2. Main Methods and Findings
The researchers employed a novel BCI design utilizing electrode arrays implanted in the dorsal premotor cortex of monkeys. This approach allowed for the recording of neural signals with high fidelity. The study achieved a significant performance improvement, with the BCI demonstrating a key selection speed of up to 6.5 bits per second, translating to approximately 15 words per minute using 96 electrodes. Importantly, the research highlighted that the highest information throughput was attained through the use of exceptionally brief neural recordings, even in cases where recording quality diminished over time. This finding suggests that the temporal dynamics of neural firing can be exploited to optimize BCI performance.
3. Core Conclusion
The study concludes that it is feasible to develop a high-performance BCI capable of facilitating rapid and accurate key selection, which could effectively operate across various keyboard sizes. The advancements in BCI technology demonstrated in this research represent a significant leap forward, suggesting that BCIs can achieve performance levels that make them more applicable in clinical settings for individuals with neurological impairments.

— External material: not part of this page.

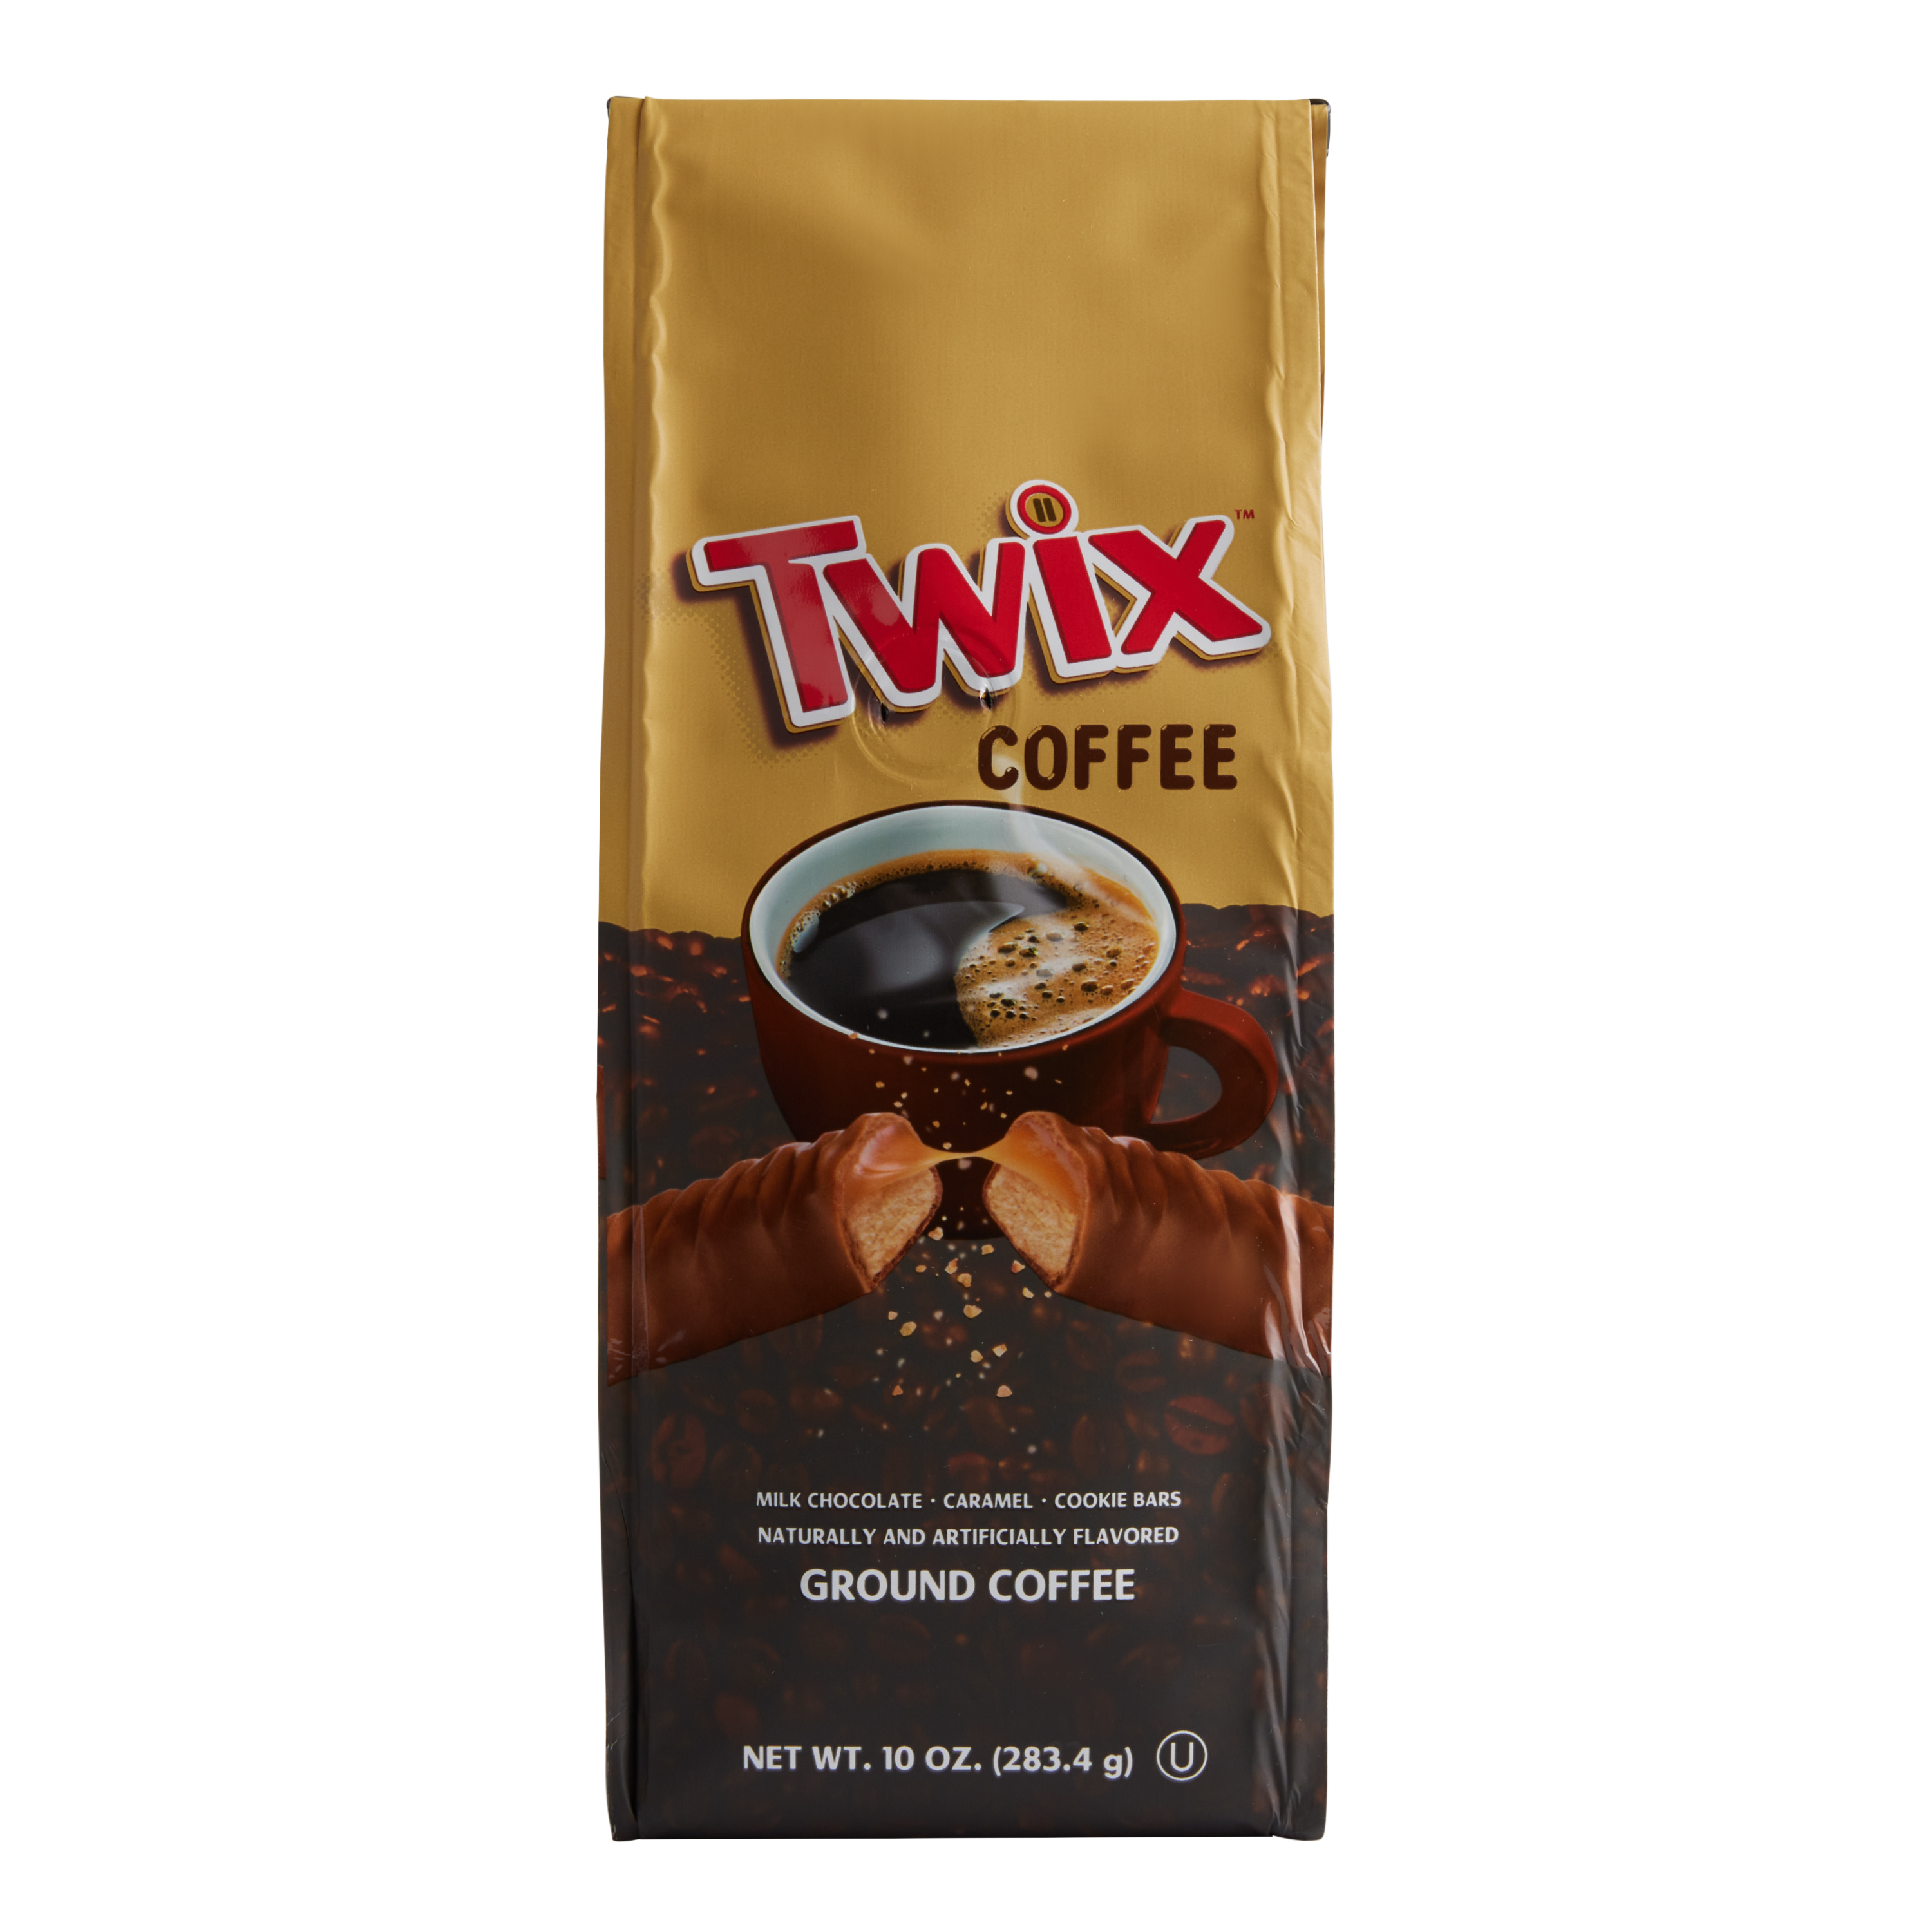 Yes, TWIX can pretty much go on anything now.

4. Research Significance and Impact
The implications of this research are profound, as the enhanced BCI performance could lead to improved assistive technologies for patients suffering from conditions such as spinal cord injuries or neurodegenerative diseases. By demonstrating the potential for high throughput and accuracy in BCI applications, this study paves the way for future developments that may allow patients to communicate and interact with their environments more effectively. Furthermore, the insights gained regarding the efficacy of brief neural recordings could steer future BCI designs, bridging the gap between experimental setups and practical applications. This research thus holds the promise of transforming the landscape of neuroprosthetics and rehabilitation technologies, significantly improving the quality of life for affected individuals.
Literatures Citing This Work
- Volitional control of neural activity: implications for brain-computer interfaces. - Eberhard E Fetz - The Journal of physiology (2007)

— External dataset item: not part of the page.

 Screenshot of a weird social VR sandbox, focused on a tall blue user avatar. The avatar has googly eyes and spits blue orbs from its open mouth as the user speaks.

- Assistive technology and robotic control using motor cortex ensemble-based neural interface systems in humans with tetraplegia. - John P Donoghue;Arto Nurmikko;Michael Black;Leigh R Hochberg - The Journal of physiology (2007)
- Single-neuron stability during repeated reaching in macaque premotor cortex. - Cynthia A Chestek;Aaron P Batista;Gopal Santhanam;Byron M Yu;Afsheen Afshar;John P Cunningham;Vikash Gilja;Stephen I Ryu;Mark M Churchland;Krishna V Shenoy - The Journal of neuroscience : the official journal of the Society for Neuroscience (2007)
- Prediction of upper limb muscle activity from motor cortical discharge during reaching. - Eric A Pohlmeyer;Sara A Solla;Eric J Perreault;Lee E Miller - Journal of neural engineering (2007)
- Spike train decoding without spike sorting. - Valérie Ventura - Neural computation (2008)
- Asynchronous decoding of dexterous finger movements using M1 neurons. - Vikram Aggarwal;Soumyadipta Acharya;Francesco Tenore;Hyun-Chool Shin;Ralph Etienne-Cummings;Marc H Schieber;Nitish V Thakor - IEEE transactions on neural systems and rehabilitation engineering : a publication of the IEEE Engineering in Medicine and Biology Society (2008)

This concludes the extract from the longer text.